――――ありゃりゃ。
コレに火ぃつけたら、せっかくのサンタがドロドロに
溶けてっちゃうじゃねえか。
そんな悪態を心の中でつきながらも、おれは手の中にある小さな
「きっかけ」と「言い訳」に、少しだけ口元を緩めた。
あれは、何年前のことだったか――。
≪Christmas 〜In one year〜≫
***
「ぷれぜんとあげるね。ハイっ!」
「・・・へ?」
さっきまでの泣き顔はどこへやら、母親を見つけた途端急に
元気になったボウズは、おれに笑顔で何か小さな物体を
差し出してきた。
「おじちゃん、きょうは“くりすます”だよ!」
「おれはハタチのおにーさんだっ」
おれの反抗もお構いなしに手渡されたのは小さなサンタクロースの
キャンドル。頭の上から紐が出ているので、どうやらそこに火を
つけるらしい。恐らく誰かの手作りなのだろう。
しかしこれに火をつけたら、何とも恐ろしいことになりそうだ。
「・・・ま、もらっとくよ。ありがとな」
突っ込みどころ満載のキャンドルを満足げに渡していった
“小さなサンタ”は、母親の手に引かれてその姿をさらに
小さくしていった。
さてどうしたもんかと思いつつも、手に持ったままの薬袋の存在を
思い出し、と同時になんとも面倒くさい思考がおれの中を支配し始めた。
このキャンドルを渡す格好の人物を、恥ずかしながらおれは
一人知っている。
やっかいなことにその人物が今どこにいるのか、ほぼ100%の
確率でわかっている。
しかしややこしいことに、おれはその人物に渡せるほどの勇気も
素直さも、自信もないことは百も承知。
ましてやこんな日に。
こんな・・・・・・。
いや、
むしろこの方が良いのかもしれない。
おれたちの関係は、ただの仕事上のパートナーで。
特別な日に特別なことをする必要は無いはずだ。
だからこそ。
今日、熱を出してアパートで休んでいる香。
公園で出くわした厄介な迷子のボウズ。
母親探しに付き合ったお礼にもらった小さなプレゼント。
今日起こった全ての出来事をつなげて、今日という日を一緒に
過ごす「言い訳」にできれば。
教授のところまで行ってもらってきた風邪薬を渡すのに、
照れ隠しの道具に使えれば。
おれたちが仕事以外で一緒にいることには「理由」が必要だ。
香の身を守るため。
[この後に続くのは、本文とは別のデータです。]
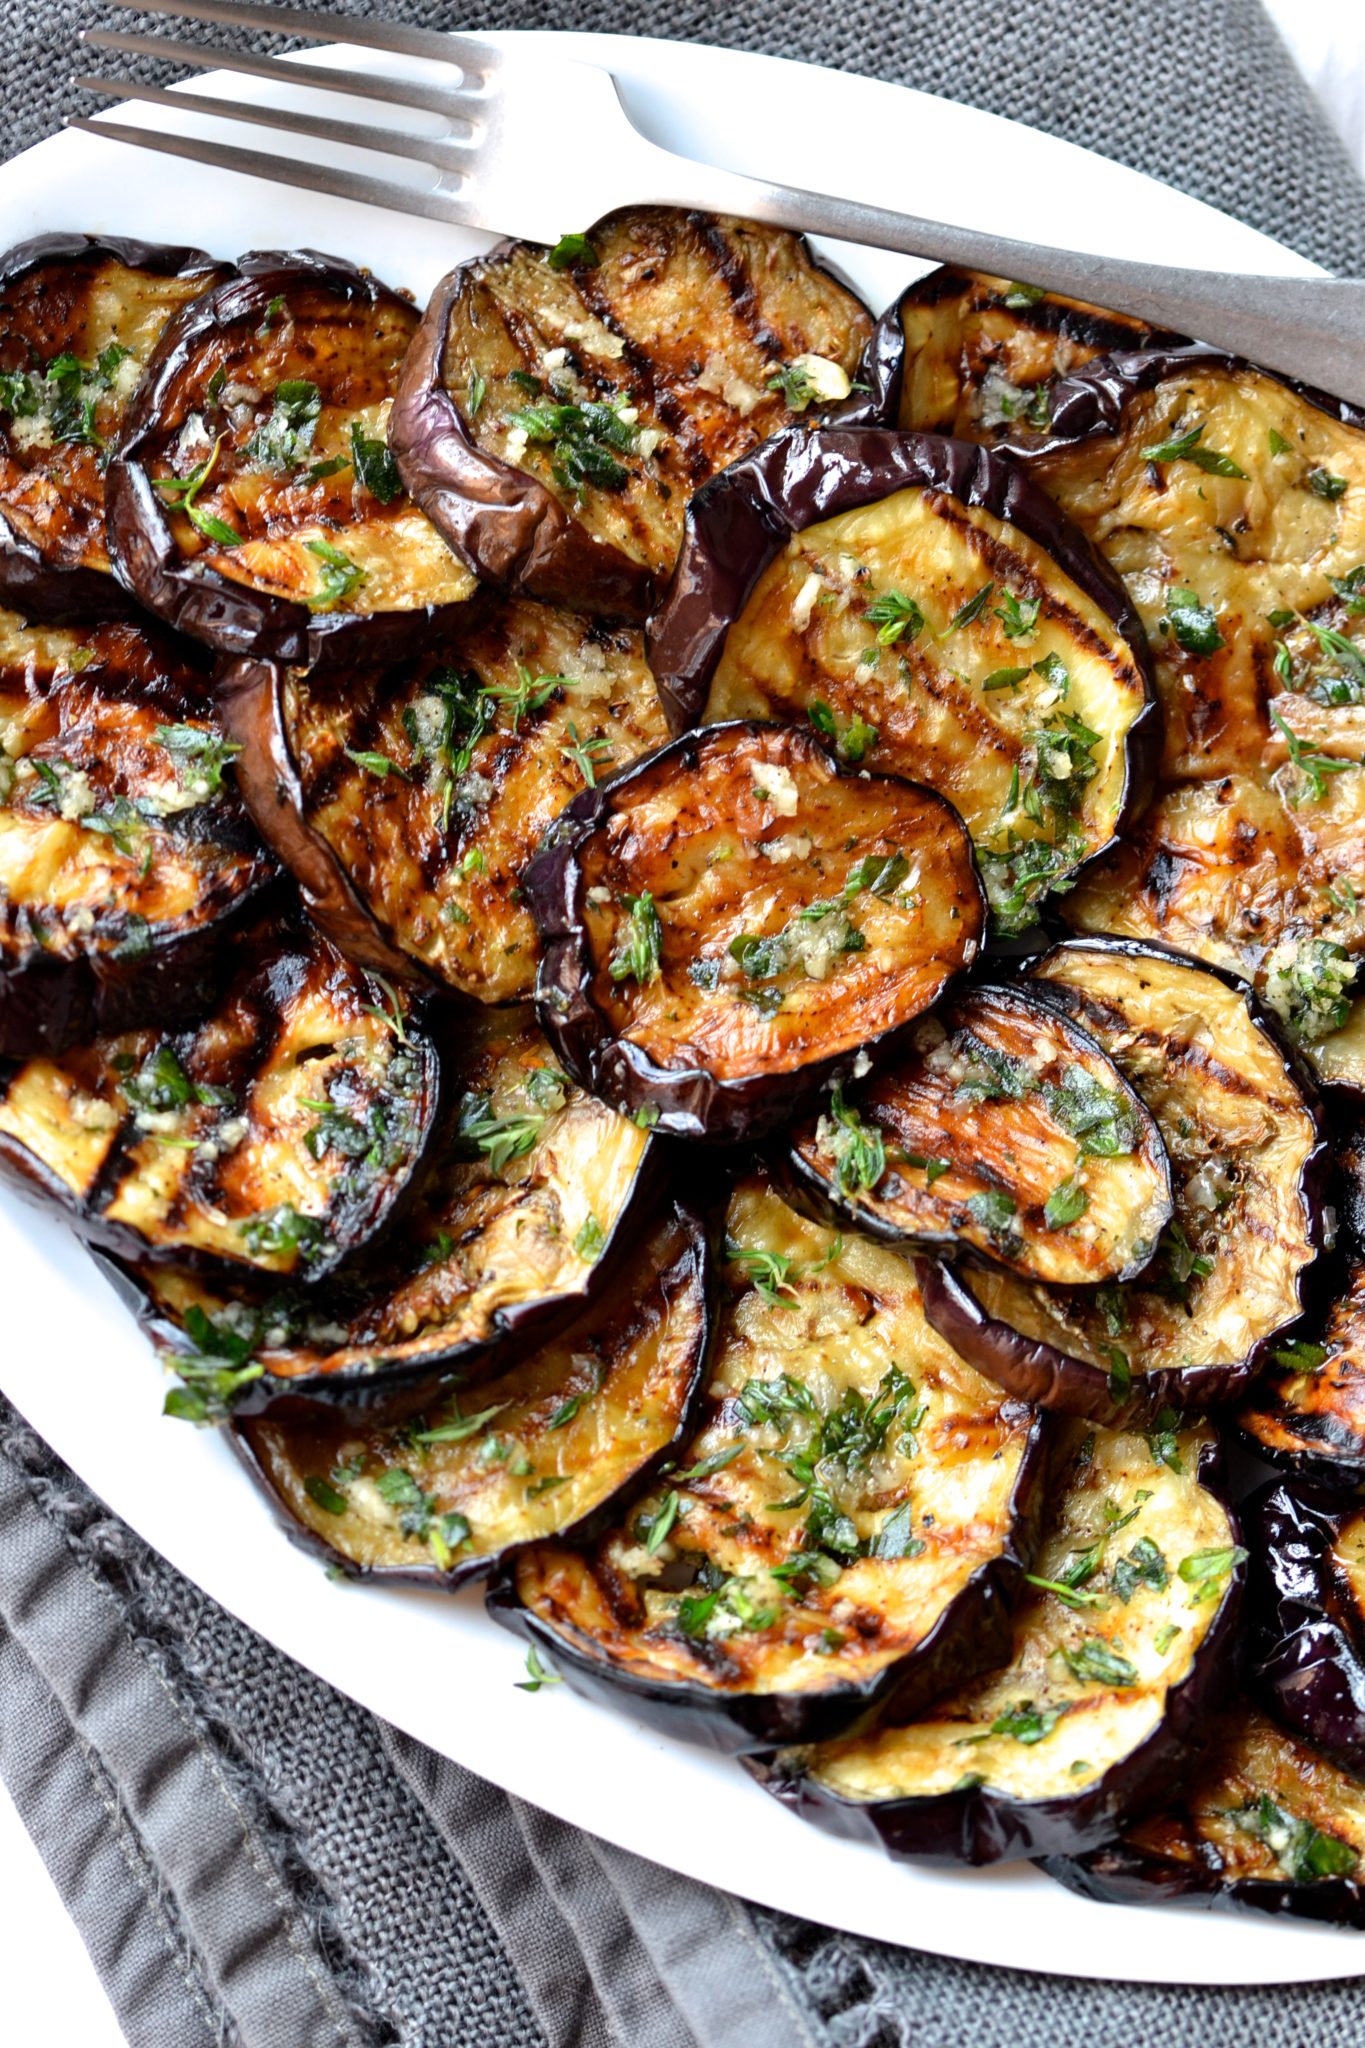 Top Grilled Eggplant Recipes

香の買い物に付き合わされるため。おれの
ナンパ癖を正すため。
気がつくとよく一緒にはいるけれど、理由もなく一緒にいることは
出来ない。それが今のおれと香の関係で。
今日という日に必要なのは、「理由」とちょっとばかしの「勇気」だ。
おれは今も香が寝ているであろう自宅に向かって、歩きだした。
手には薬袋と、小さなサンタ。
不思議と足取りは軽かった。
******************
クリスマスになると、香は今も大事にあのキャンドルを飾っている。
「かおり〜もう今年は火ぃ点けてみれば?キャンドルなんだし」
「だってサンタ溶けちゃうじゃない。・・・それに無くなるのやだもん」
「♪〜」
「あっコラ僚!ライター近づけちゃだめだってば!!」
この他愛のない遣り取りも今年で何度目だろうか。
香によっておれの魔の手から守られ、おかげさまで小さなサンタは
健在だ。
結局あの日、寝ている香の枕元に何も言わないまま置いてきて
しまったサンタ。
風邪薬だって、たまたまかずえに会ってもらったことにして
しまったんだよな。
そんなこともあったな。
数年前の自分に呆れながらも、自然と口元が緩む帰り道。
今日の帰り道の足取りも軽い。でもこれは不思議なことでも
なんでもない。
あの時必要だった「理由」なんて今は必要ない。
ただ、今日という日を一緒にいたいから。
そんな素直なセリフはきっと口には出せないだろう。
いくら前よりも素直に香に向き合えるようになったといっても、
この照れくささはどうしようもない。
そして今、手に持っているケーキの言い訳を考えてしまうのも、
それもまたおれの愛嬌ってことで。